Only the text carries over: repeat the records exactly and drop the images.
——
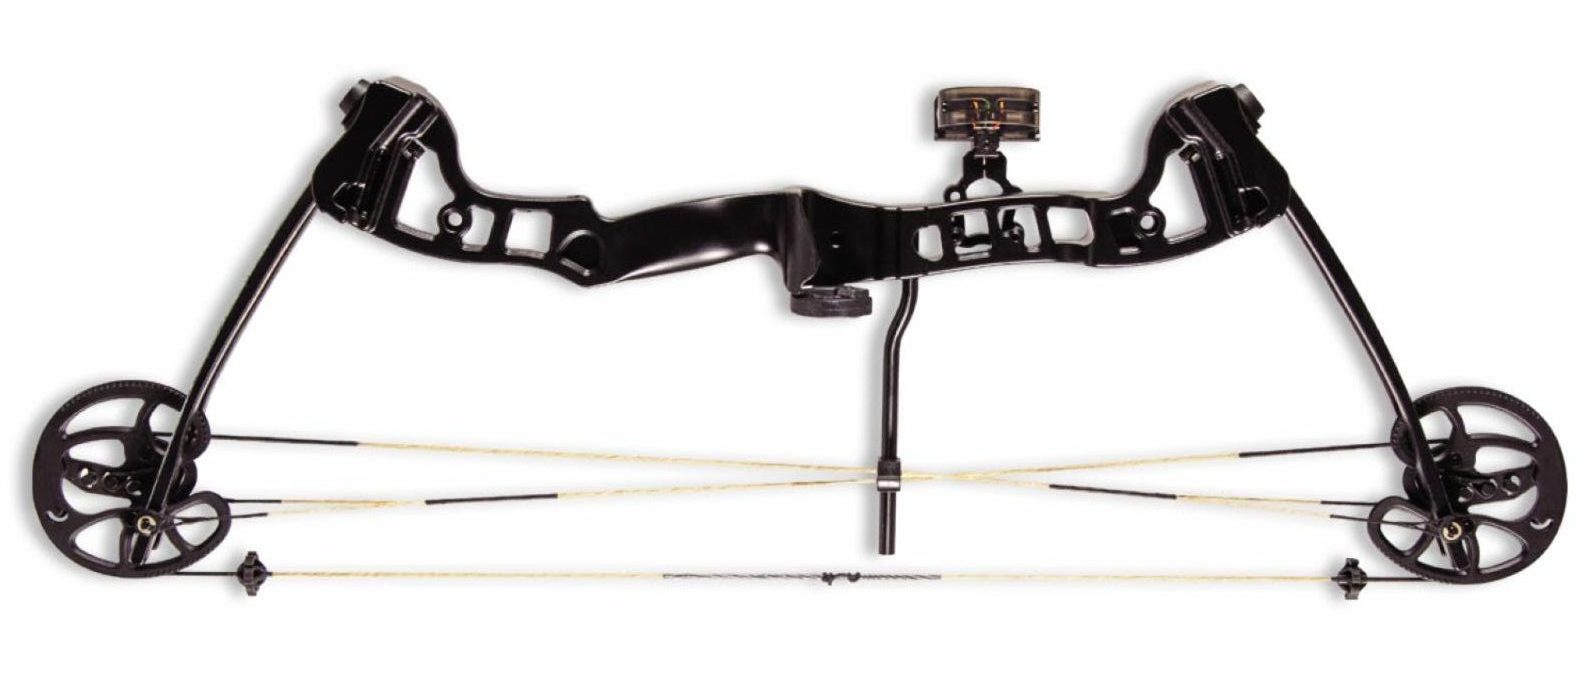 Barnett Youth Bows - The Perfect Christmas Gift for the Young Hunter
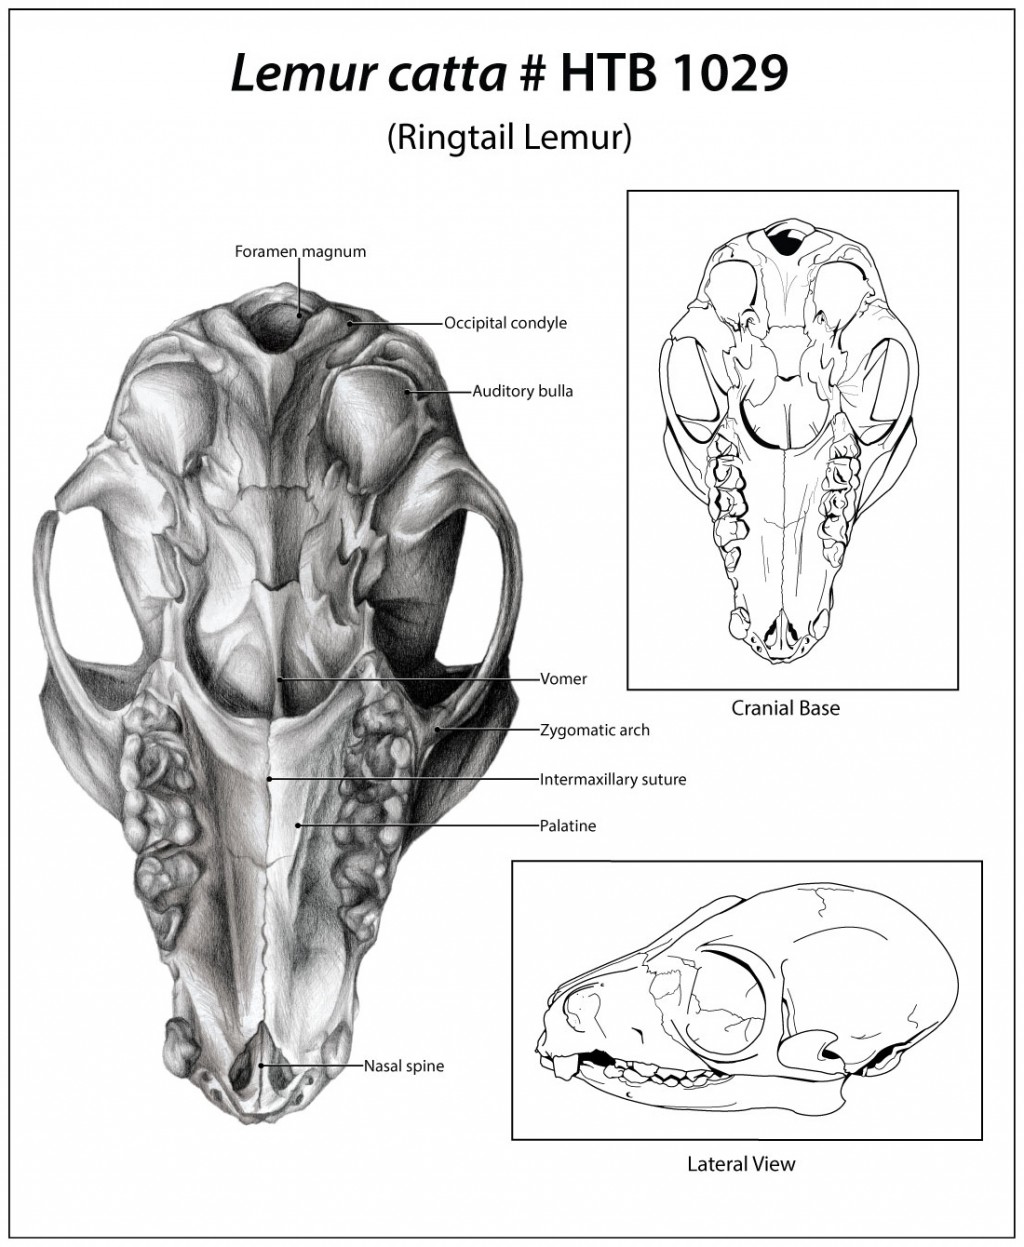 Black and white, graphite and line art drawings of a ringtail lemur skill. Cranial base labeled, and a lateral view inset with lower jaw.
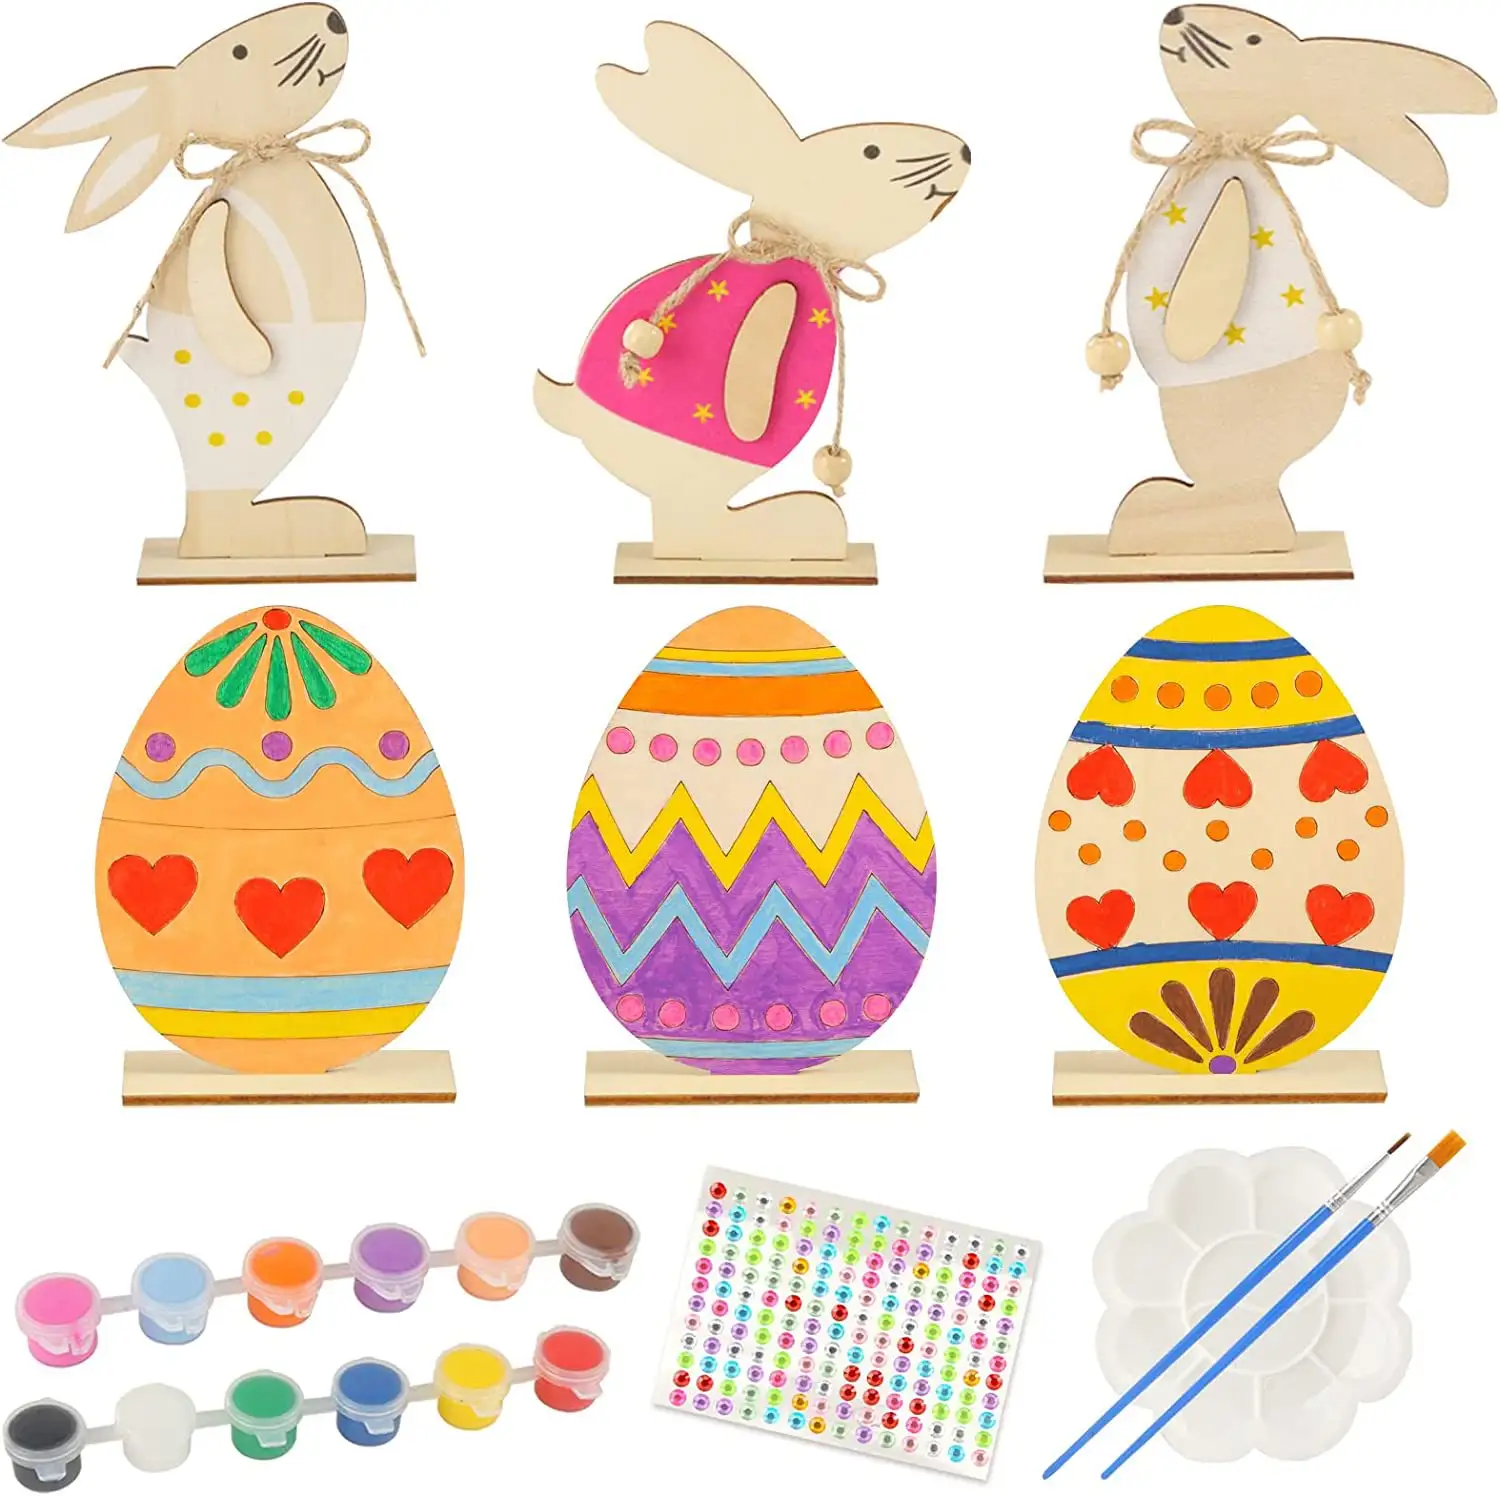 Easter Rabbit Wood Carving Unfinished Rabbit Shape Arts and Crafts Easter Spring Home Decoration Classroom DIY Craft
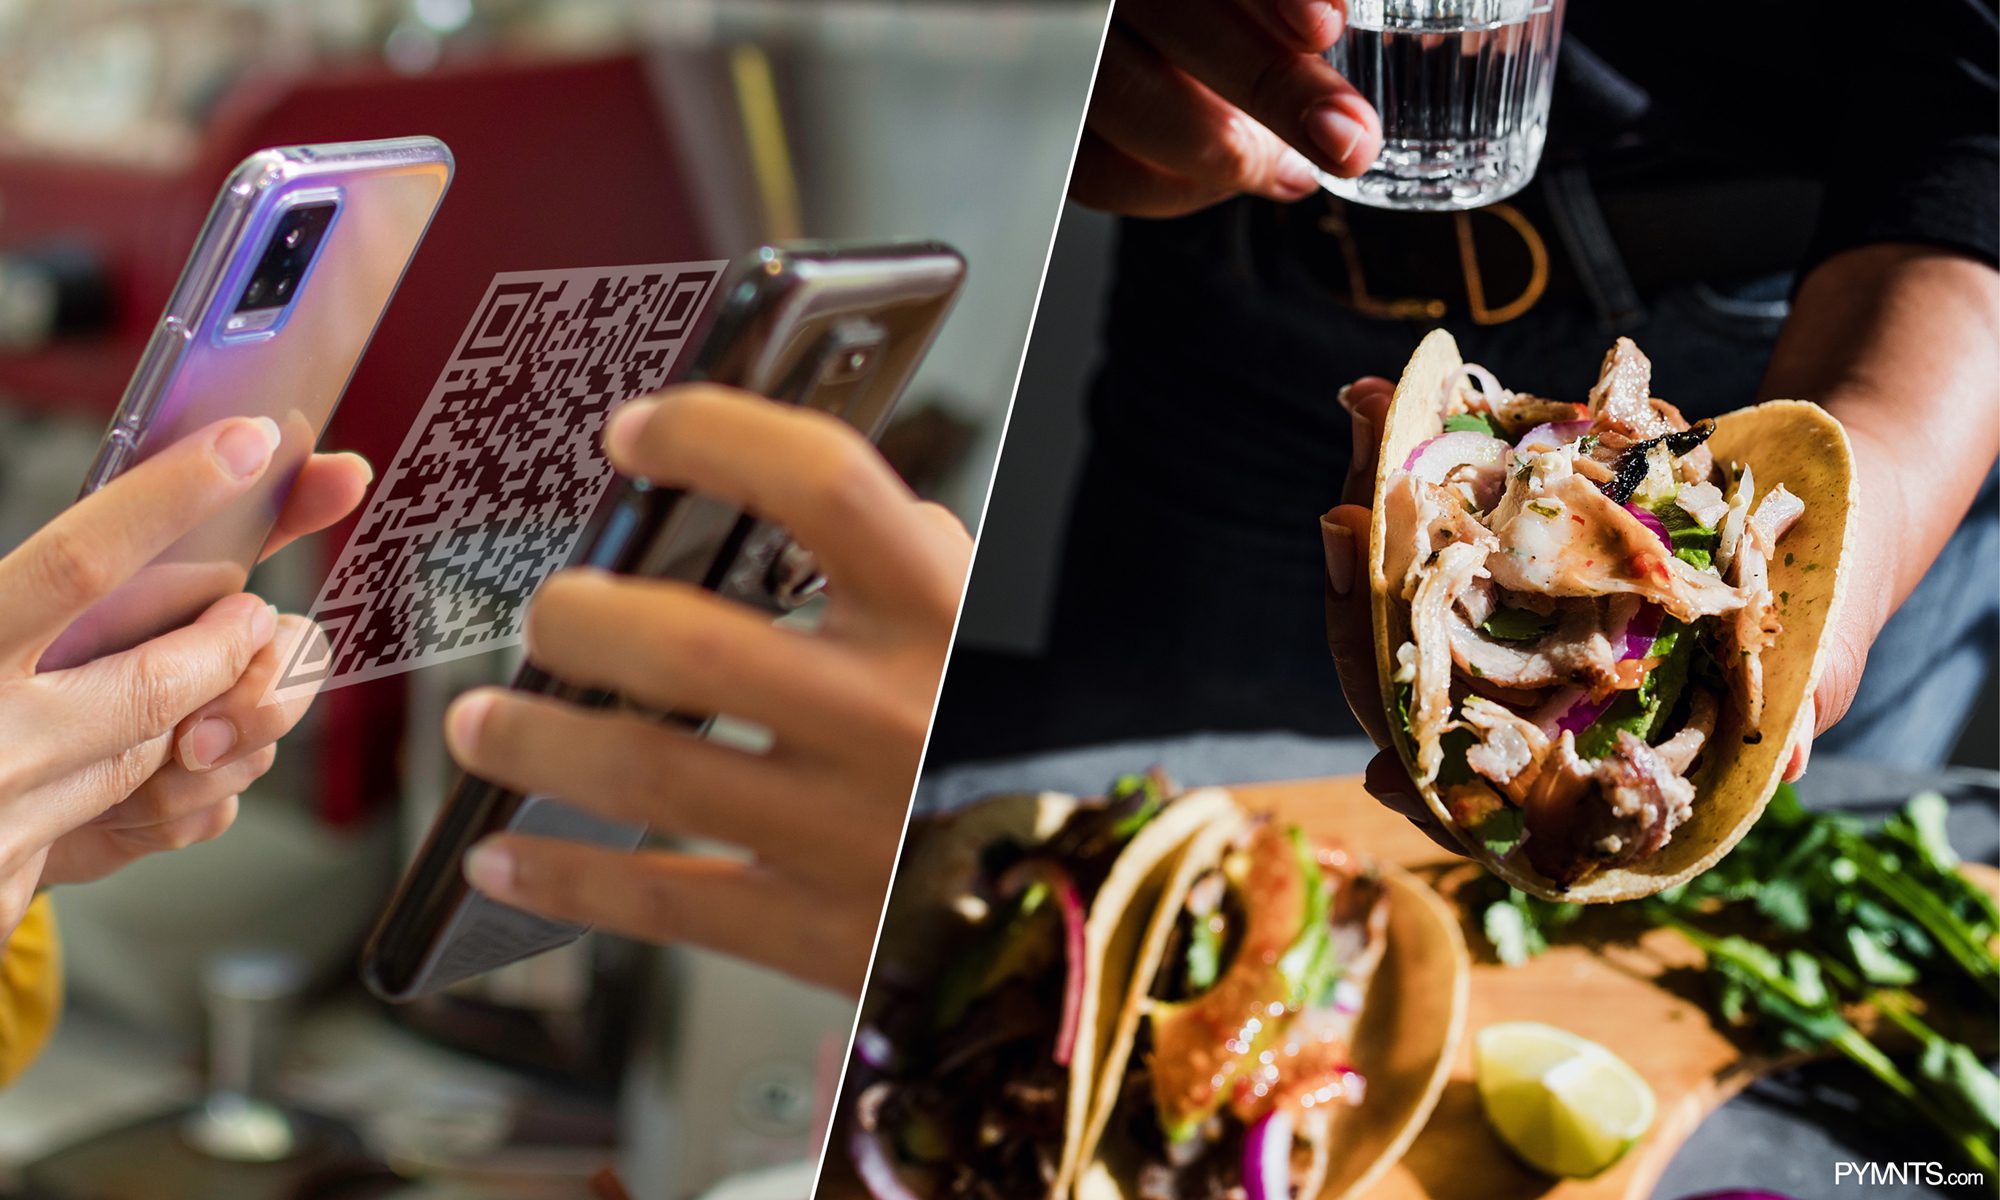 Restaurants Appoint Digital Leaders to Win Diner Loyalty
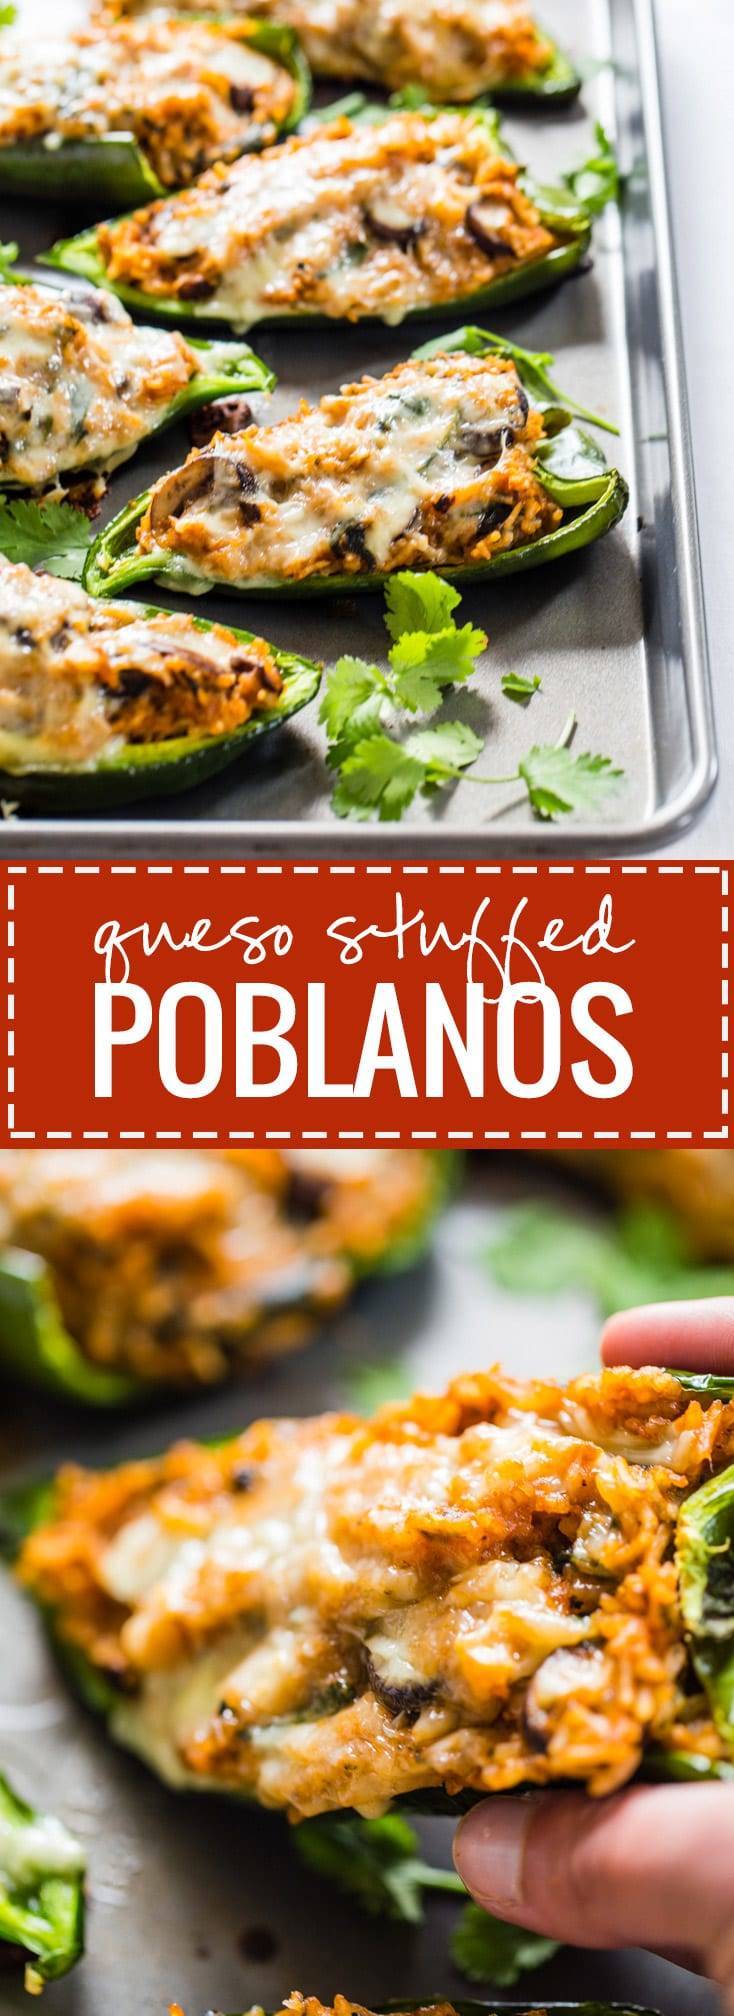 Queso Stuffed Poblanos recipe - adaptable to whatever veggies or protein you have on hand. Easy vegetarian YUMS! pinchofyum.com
——
## The completed task
 Barnett Youth Bows - The Perfect Christmas Gift for the Young Hunter
 Black and white, graphite and line art drawings of a ringtail lemur skill. Cranial base labeled, and a lateral view inset with lower jaw.
 Easter Rabbit Wood Carving Unfinished Rabbit Shape Arts and Crafts Easter Spring Home Decoration Classroom DIY Craft
 Restaurants Appoint Digital Leaders to Win Diner Loyalty
 Queso Stuffed Poblanos recipe - adaptable to whatever veggies or protein you have on hand. Easy vegetarian YUMS! pinchofyum.com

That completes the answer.